Script setup and imports

Import the few built-in python packages and methods we will be using in this tutorial as follows.

import sys
import os
import warnings
from os.path import expanduser

Also make sure to import the methods we will be using from the thermostat package.

from thermostat.importers import from_csv
from thermostat.exporters import metrics_to_csv
from thermostat.stats import compute_summary_statistics
from thermostat.stats import summary_statistics_to_csv

Set the data_dir variable as a convenience. We will refer to this directory and save our results in it. You should also move all downloaded and extracted files used in this tutorial into this directory before using them. You may, of course, choose to use a different directory, which you can set here, or override it entirely by replacing it where it appears in the tutorial.

data_dir = os.path.join(expanduser("~"), "thermostat_tutorial")
# or data_dir = "/full/path/to/custom/directory/"

Optional Setup

If you wish to follow the progress of downloading and caching external weather files, which will be the most time-consuming portion of this tutorial, you may wish at this point to configure logging. The example here will work within most ipython or script environments. If you have a more complicated logging setup, you may need to use something other than the root logger, which this uses.

import logging
logger = logging.getLogger()


The thermostat package depends on the eemeter package for weather data fetching. The eemeter package automatically creates its own cache directory in which it keeps cached versions of weather source data. This speeds up the (generally I/O bound) NOAA weather fetching routine on subsequent internal calls to fetch the same weather data (i.e. getting outdoor temperature data for thermostats that map to the same weather station).

For more information, see the eemeter package.


US Census Bureau ZIP Code Tabulation Areas (ZCTA) are used to map USPS ZIP codes to outdoor temperature data. If the automatic mapping is unsuccessful for one or more of the ZIP codes in your dataset, the reason is likely to be the discrepancy between “true” USPS ZIP codes and the US Census Bureau ZCTAs. “True” ZIP codes are not used because they do not always map well to location (for example, ZIP codes for P.O. boxes). You may need to first map ZIP codes to ZCTAs, or these thermostats will be skipped. There are roughly 32,000 ZCTAs and roughly 42000 ZIP codes - many fewer ZCTAs than ZIP codes.

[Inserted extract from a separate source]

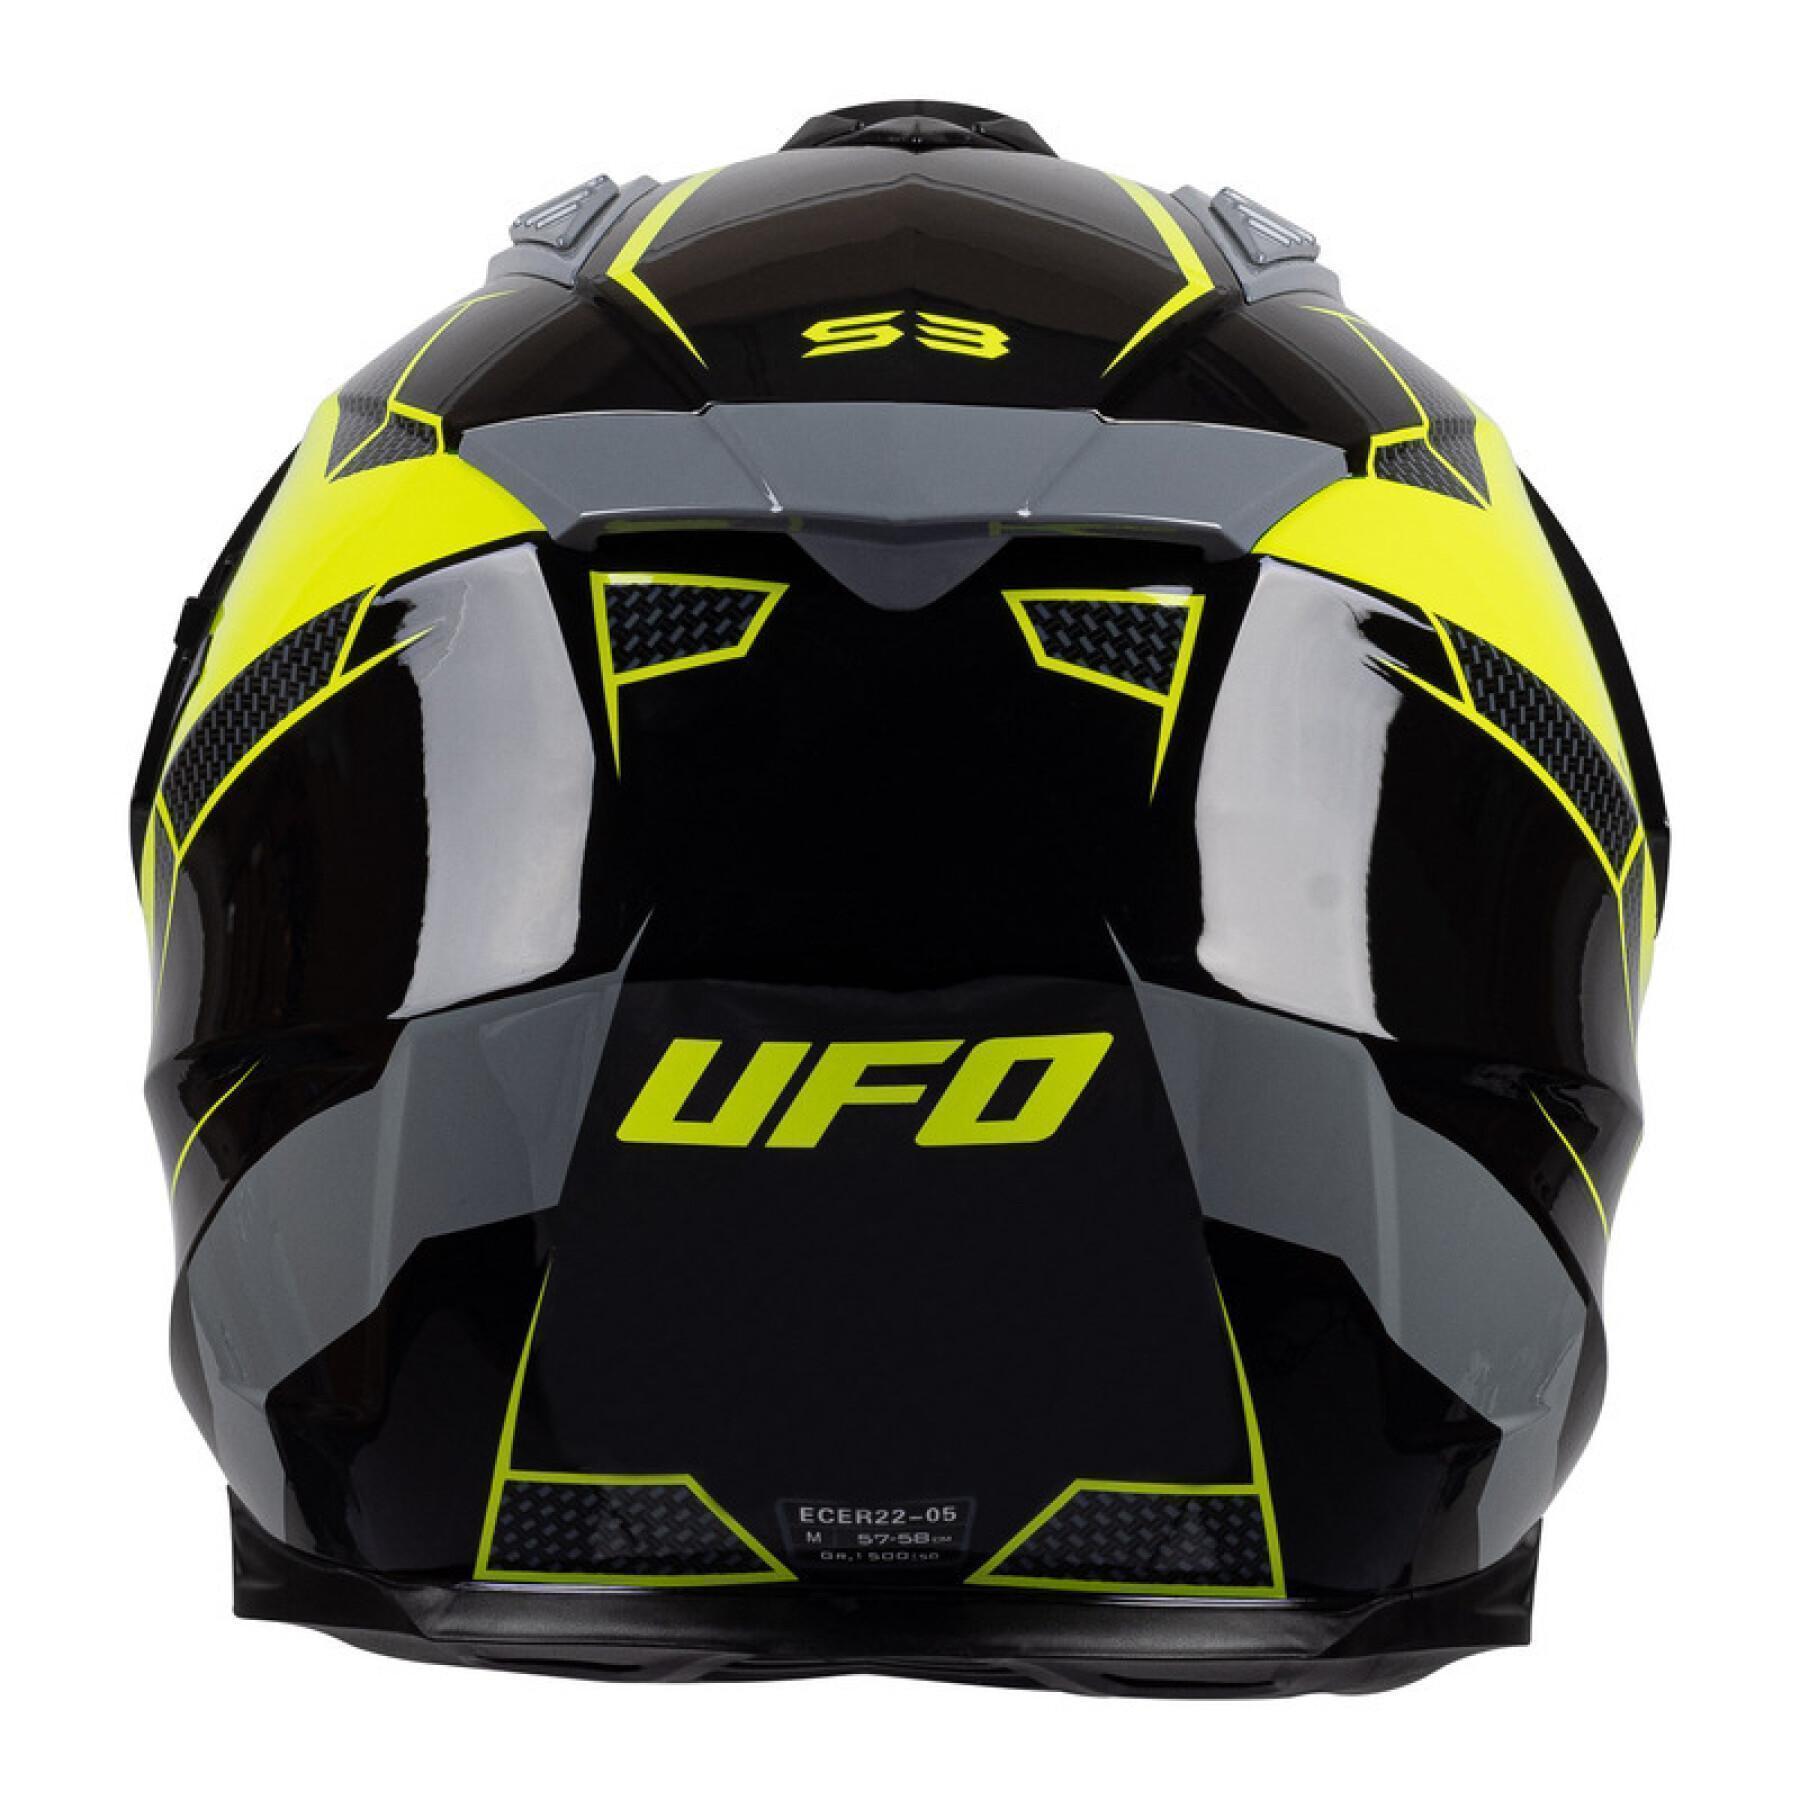 Capacete de motocicleta UFO Aries

Computing individual thermostat-season metrics

After importing the package methods, load the example thermostat data, or provide data of your own. See Input data for more detailed file format information.

Fabricated example data from 35 thermostats in various climate zones, is available for download here.

Loading the thermostat data below will take more than a few minutes, even if the weather cache is enabled (see note above). This is because loading thermostat data involves downloading hourly weather data from a remote source - in this case, the NCDC.

The following loads an lazy iterator over the thermostats. The thermostats will be loaded into memory as necessary in the following steps.

metadata_filename = os.path.join(data_dir, "examples/metadata.csv")
thermostats = from_csv(metadata_filename, verbose=True)

To calculate savings metrics, iterate through thermostats and save the results. Uncomment the commented lines if you would like to store the thermostats in memory for inspection. Note that this could eat up your application memory and is only recommended for debugging purposes.

metrics = []
# saved_thermostats = []
for thermostat in thermostats:
    outputs = thermostat.calculate_epa_field_savings_metrics()
    # saved_thermostats.append(thermostat)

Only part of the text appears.